▶ Task to complete:
Would you restate the listing word for word, with the images omitted?

--- The data ---

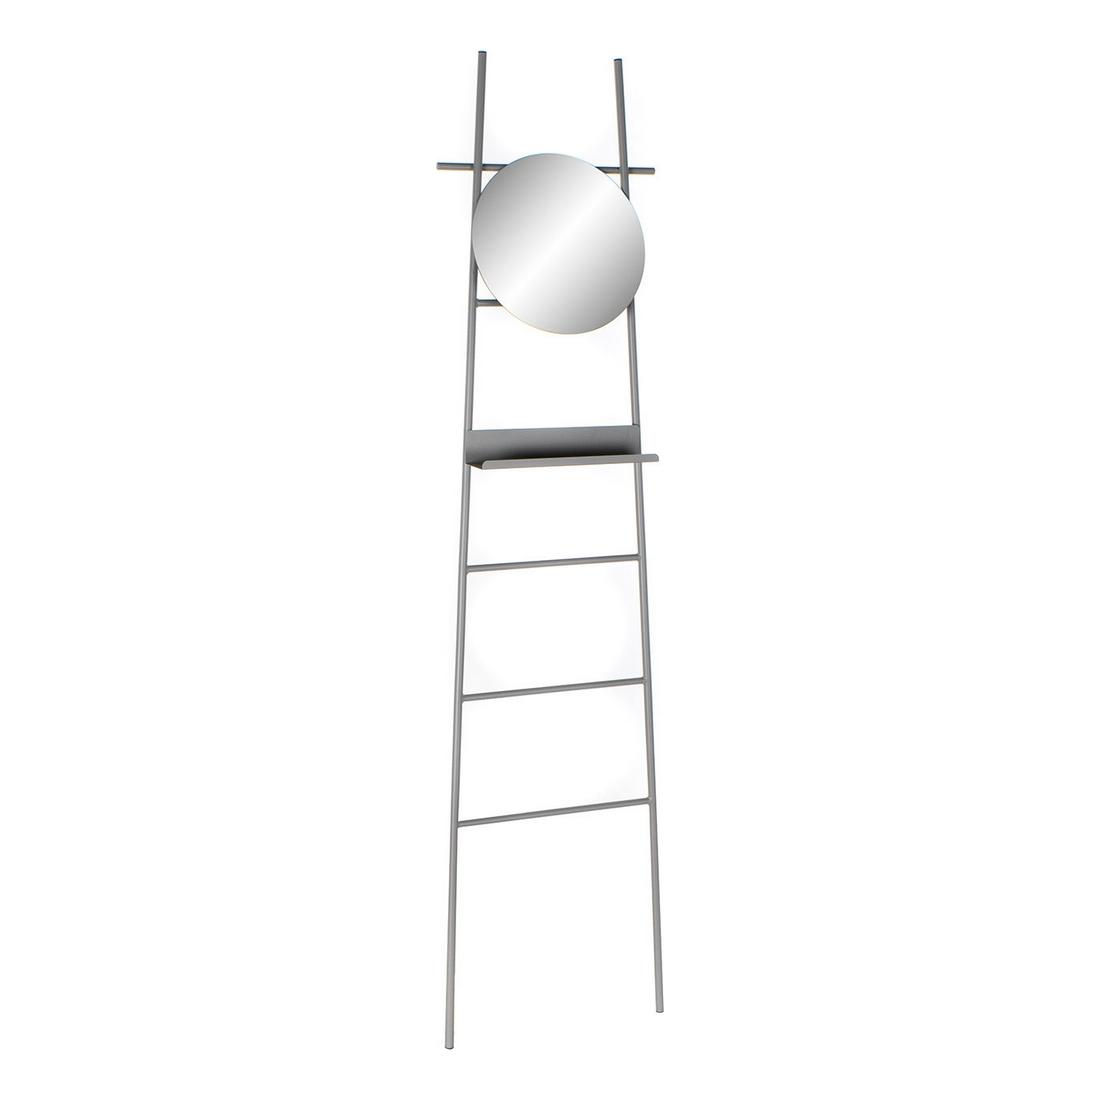 Free-Standing Towel Rack DKD Home Decor Grey Metal Mirror (46 x 10 x 180 cm)
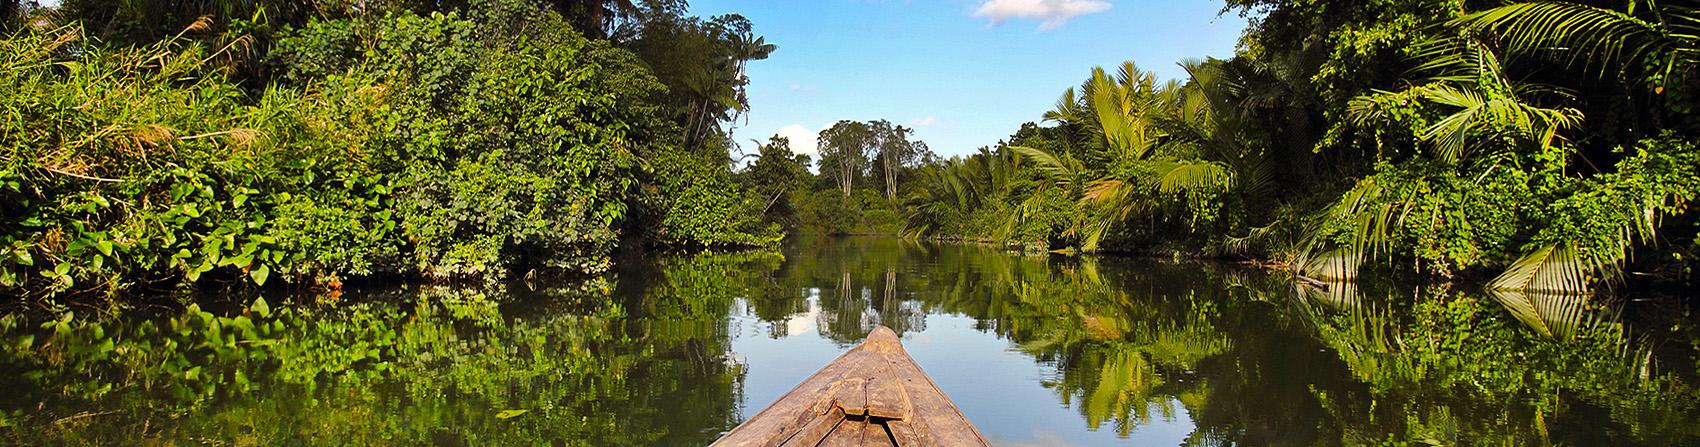 Boat trip on La'fau River to the interior of Nias Island. North Nias (Nias Utara), Indonesia.
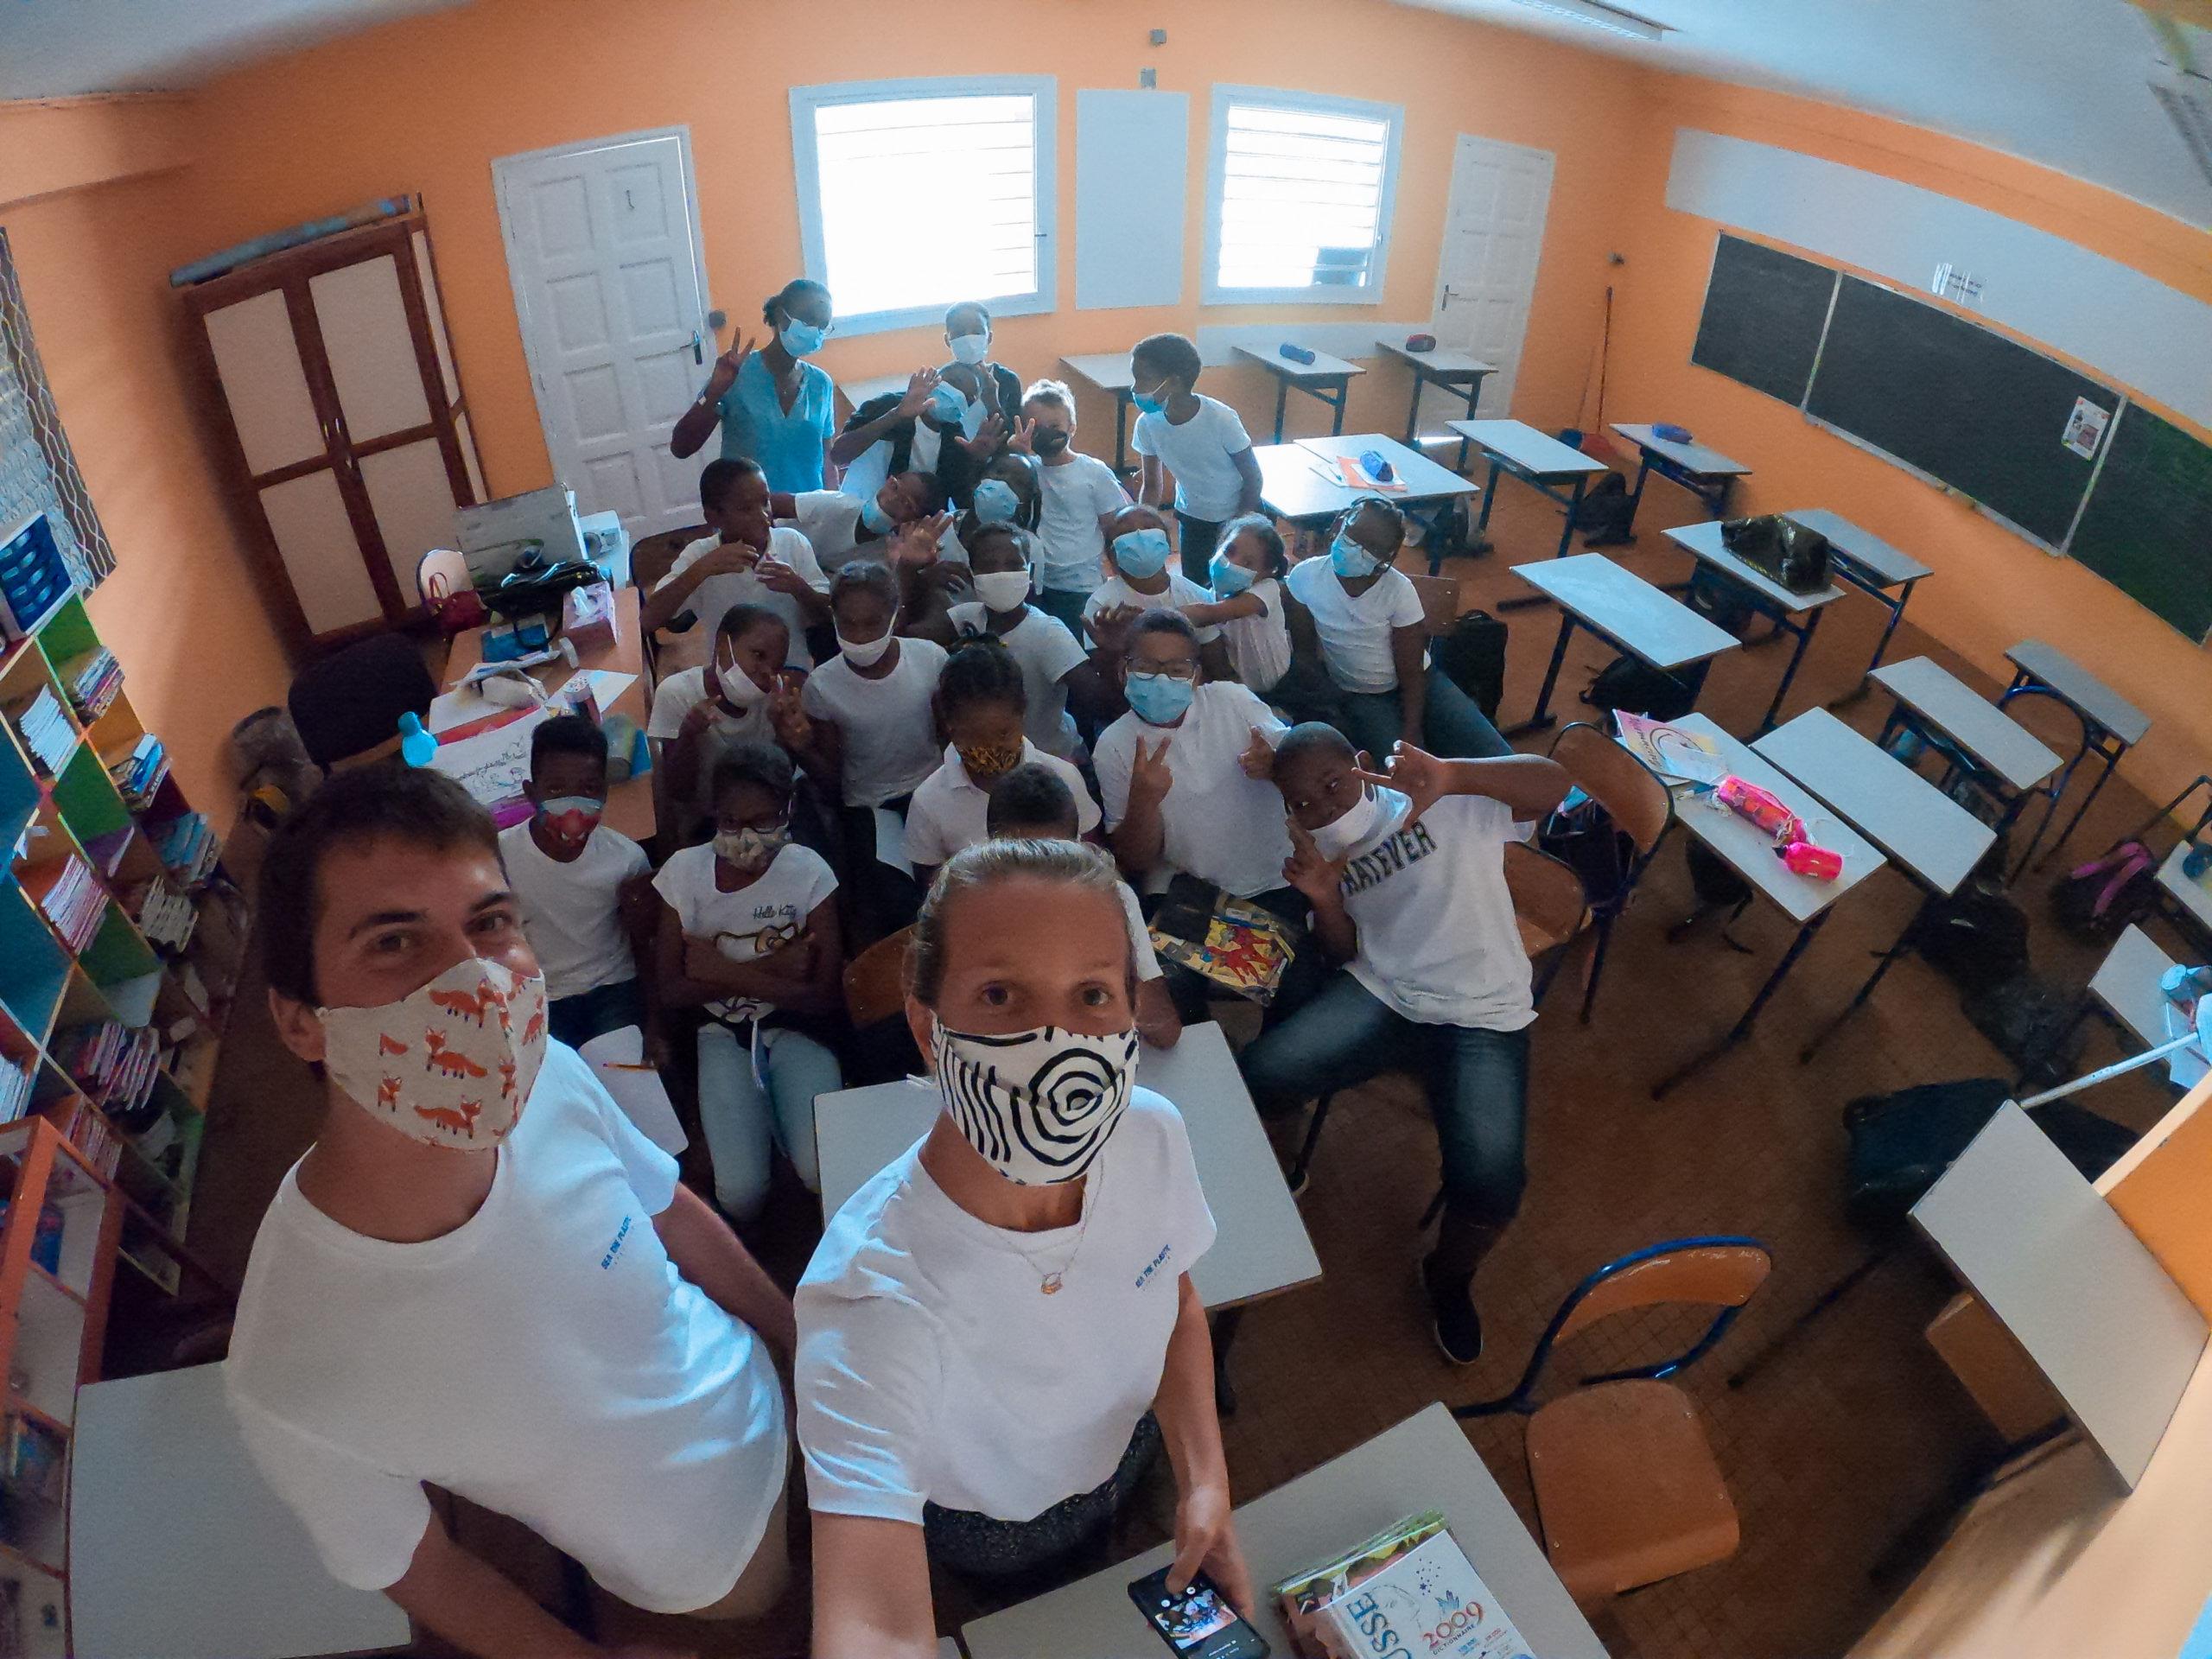 seatheplastic school awarenesses eductation
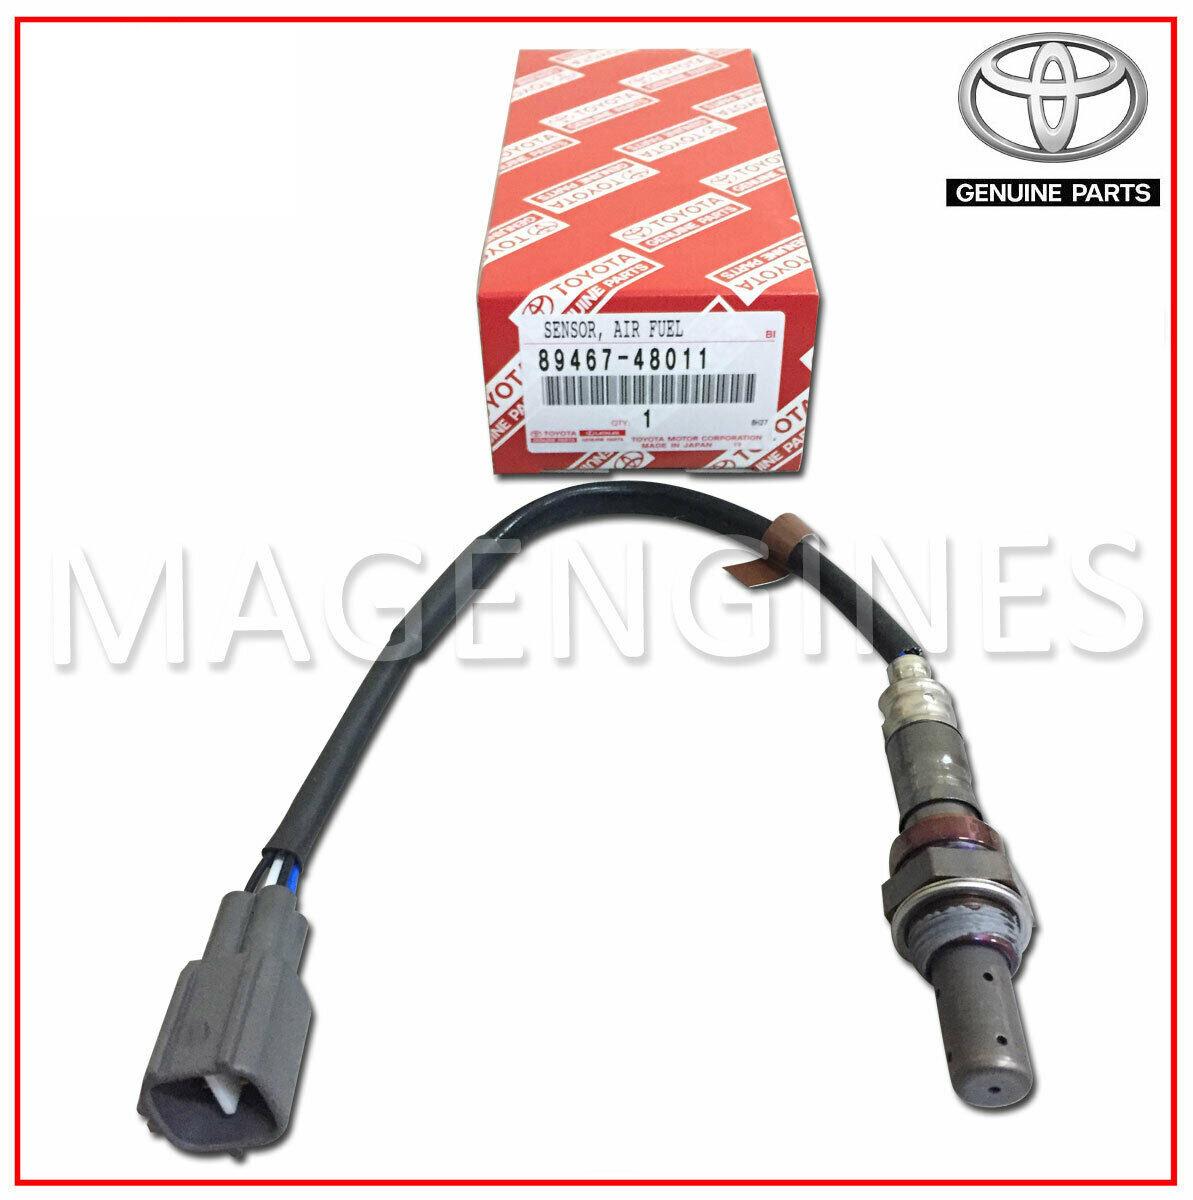 89467-48011 Air Fuel Ratio Sensor For Toyota Lexus Highlander Genuine Part

---

▶ Answer space:
 Free-Standing Towel Rack DKD Home Decor Grey Metal Mirror (46 x 10 x 180 cm)
 Boat trip on La'fau River to the interior of Nias Island. North Nias (Nias Utara), Indonesia.
 seatheplastic school awarenesses eductation
 89467-48011 Air Fuel Ratio Sensor For Toyota Lexus Highlander Genuine Part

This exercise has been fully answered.